I did a similar thing to my RG8 but with a white carbon fiber vinyl! It is dead easy as long as you take the time to be precise.


----------



## anunnaki (Jan 17, 2013)

Yeah, I saw your guitar and it looks awesome! 
That's where I got the idea from.
I'm just wondering how many pieces do you use and where do the pieces join up so that you can't see separate pieces?

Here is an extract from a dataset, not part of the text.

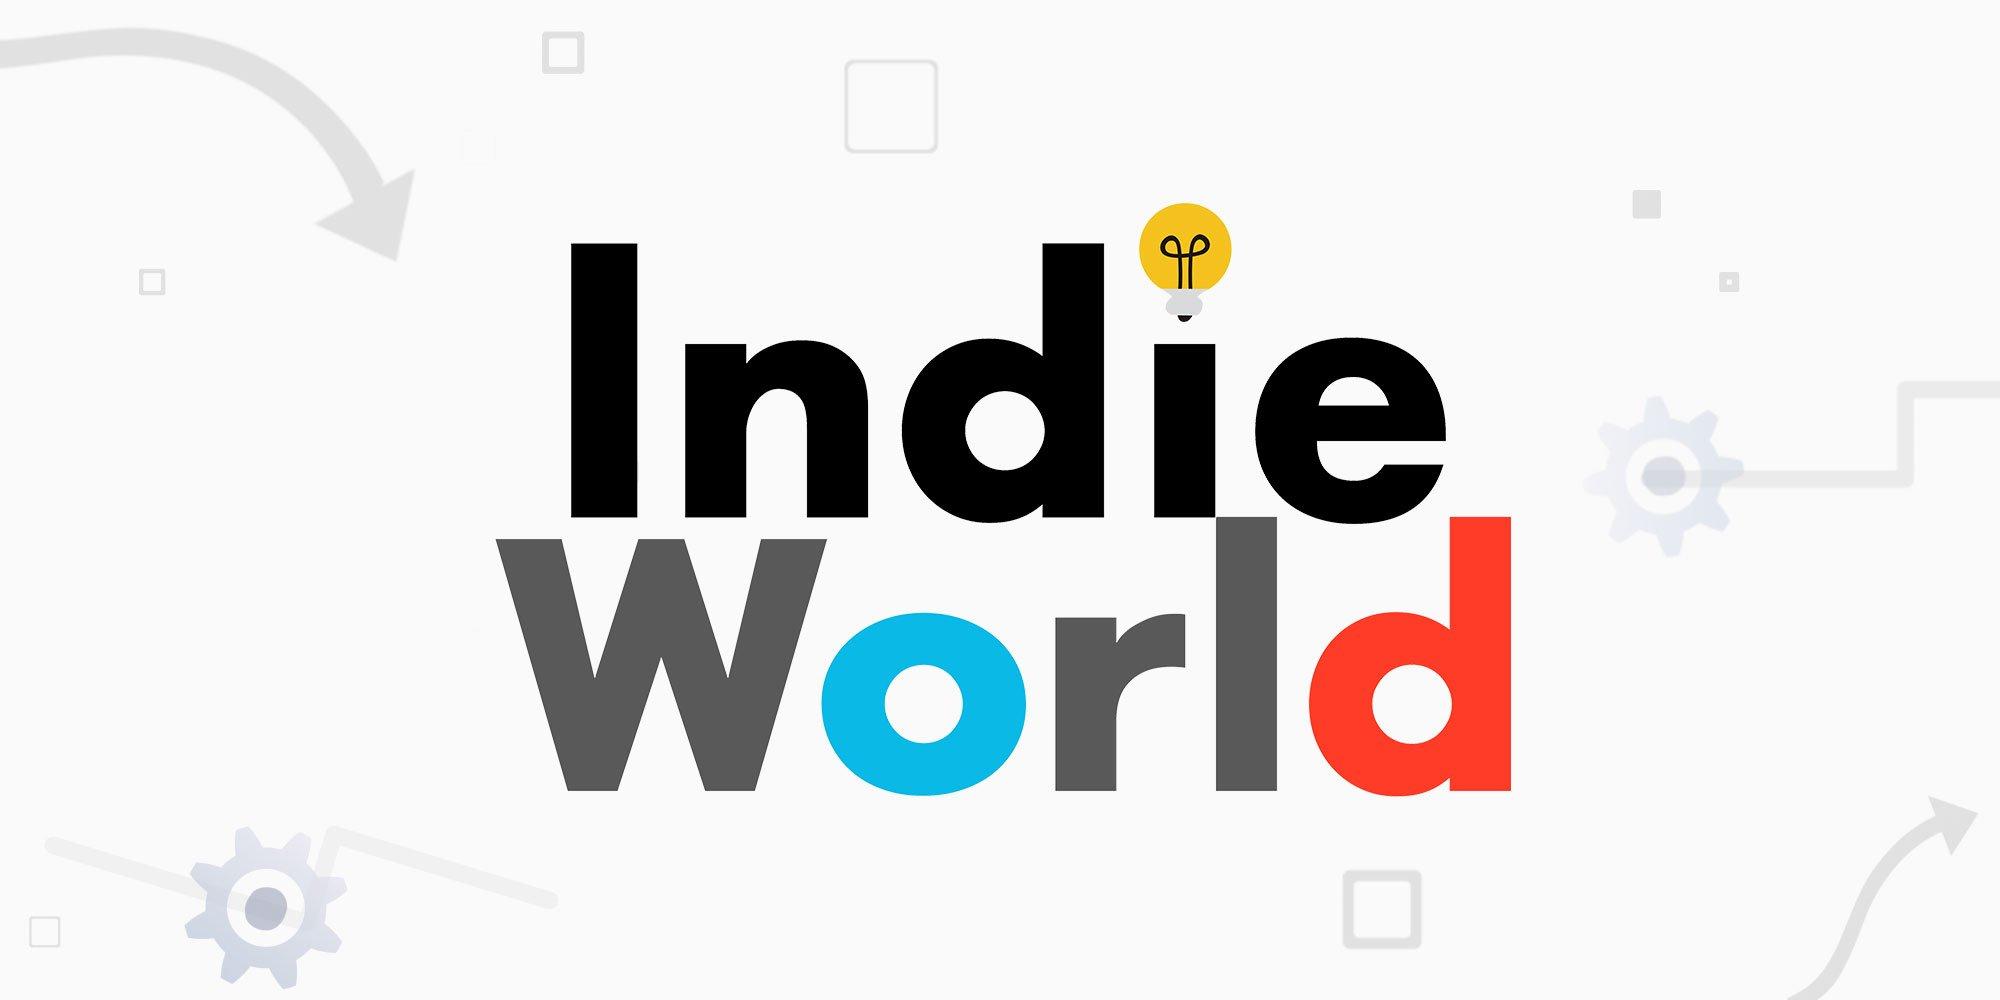 Indi games
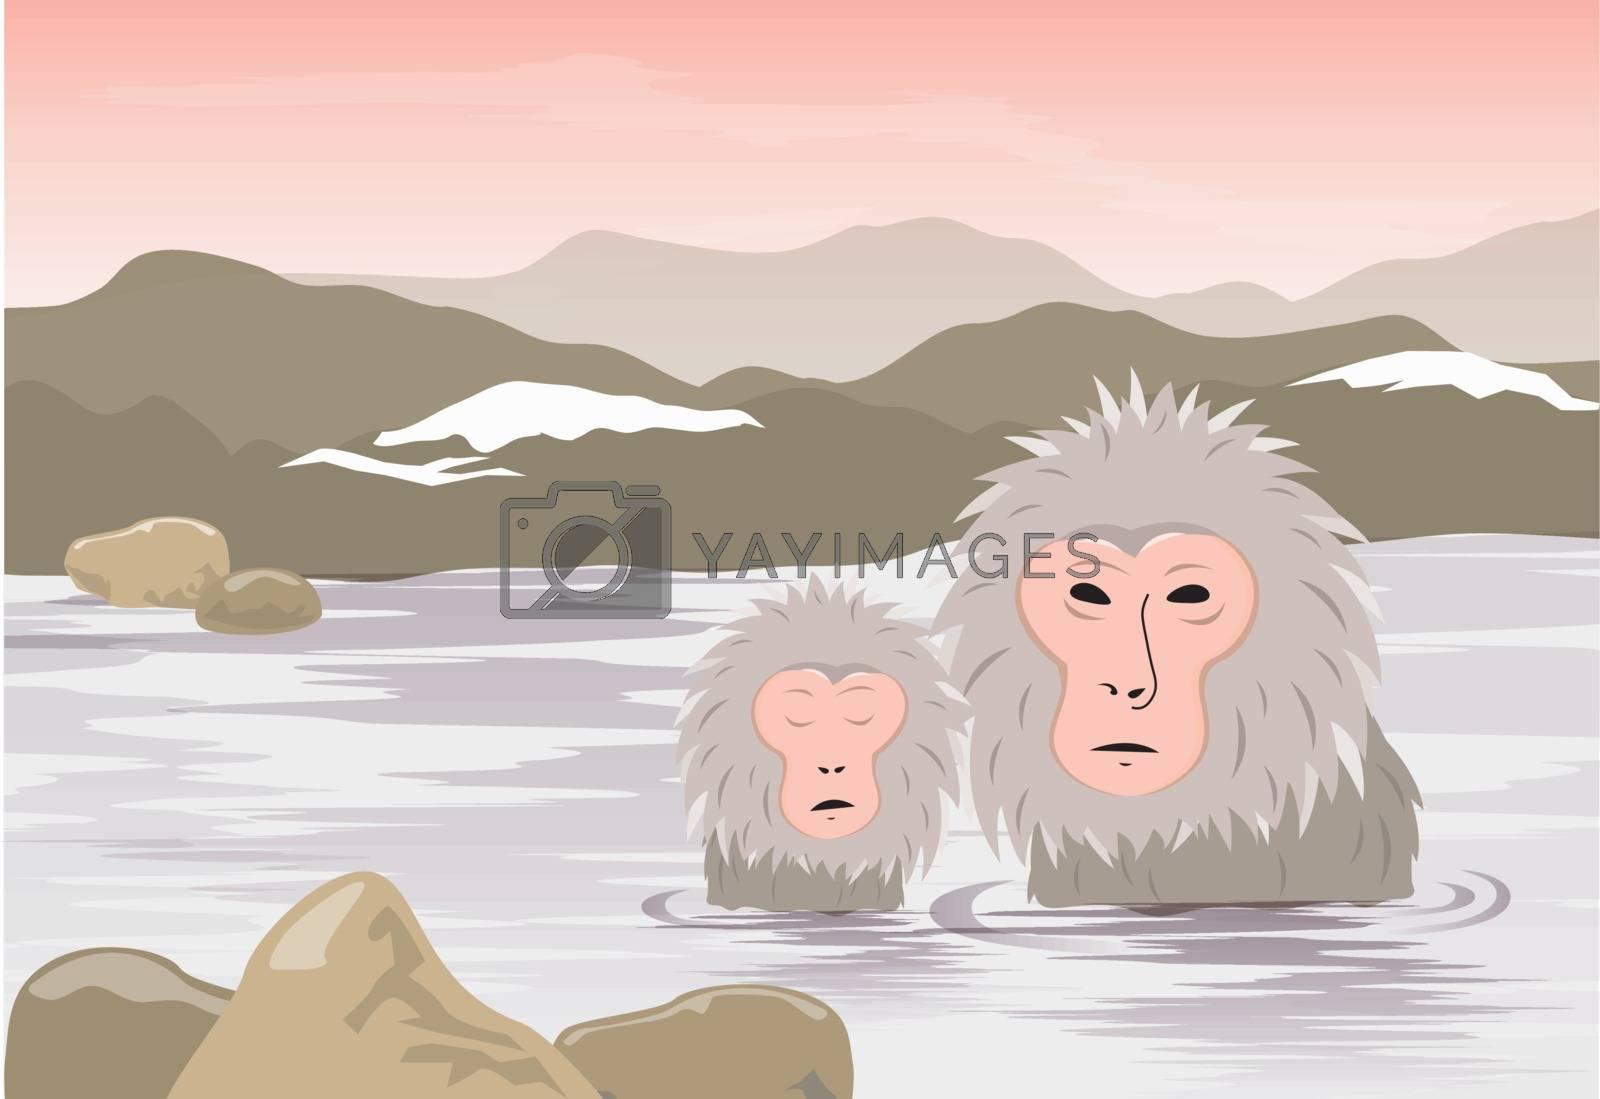 Snow Monkeys, Japanese Macaques bathe in onsen hot springs of Nagano, Japan Vector.

EDIT: I can see one piece on the top, is that the only piece?


----------



## MetalBuddah (Jan 17, 2013)

Yup, it is only the top. I got a 24"x24" sheet (2ft x 2ft) and that gave me enough to do the top and the headstock and then I had some left over

You could definitely do the whole body but it would be kinda hard I imagine.


----------



## anunnaki (Jan 17, 2013)

Awesome!
I just remembered that this idea is kinda like the Ibanez Apex 1 so I googled it and I realised it only had a textured Pattern on the top, so I guess that's the way to do it!


----------



## Menneskedyr (Jan 17, 2013)

I tried on a Ibanez RG body, but I sanded/contoured it wich caused the vinyl not to stick to it. It'll probably work when used on a non-sanded body.


----------



## anunnaki (Jan 17, 2013)

I think I might get a new white Ibanez rg7421/7420 this year and slap on some white snake skin.

THIS:





PLUS THIS: 





= AWESOME


----------



## Zado (Jan 17, 2013)

Glam rock,I'm cumming!


----------



## anunnaki (Jan 18, 2013)

I found out that the Apex1 is actually covered all over, but now I know how I'll cover the whole body. I'll cover the back of the guitar just going to the edges and then cover the front going down the sides to the back with a white alligator vinyl wrap and stop when I get to the corner between the side and the back. Also MetalBuddah has inspired me to cover the plastic panels with a black alligator finish the way he covered his panels with the carbon fiber finish.
The white alligator finish that I've found from a company called Hexis is £54 per metre (just a bit pricey) and the width is 1.37m so I think 1m x 1.37m should be enough to cover the whole body. I could save a bit of money by getting a black guitar and using black alligator vinyl, which I could get for much cheaper elsewhere, but I think the white might look cooler. Here's a pic of the white alligator vinyl wrap:


----------



## hairychris (Jan 18, 2013)

Can't beat Ron Thorn though....


----------



## Watty (Jan 18, 2013)

Is that real hide?


----------



## Rojne (Jan 19, 2013)

^a pair of Telecowster's!...


----------



## Walterson (Jan 19, 2013)

Scatter Lee's 2012 Challenge Build Thread -- COMPLETED - Page 11 - Telecaster Guitar Forum


----------



## technomancer (Jan 19, 2013)

hairychris said:


> Can't beat Ron Thorn though....



Aaah the moocasters 

That vinyl looks pretty cool


----------



## anunnaki (Jan 19, 2013)

I think I'll be kind to the alligators and cows and just stick to the vinyl!


----------



## IndoRGforme (Jan 21, 2013)

My amp head is refinished in snakeskin.


----------



## Pikka Bird (Jan 21, 2013)

Walterson said:


> Scatter Lee's 2012 Challenge Build Thread -- COMPLETED - Page 11 - Telecaster Guitar Forum



This guy always makes the most amazingly awesome things...

Did he drill weight relief holes in the _neck_!!??


----------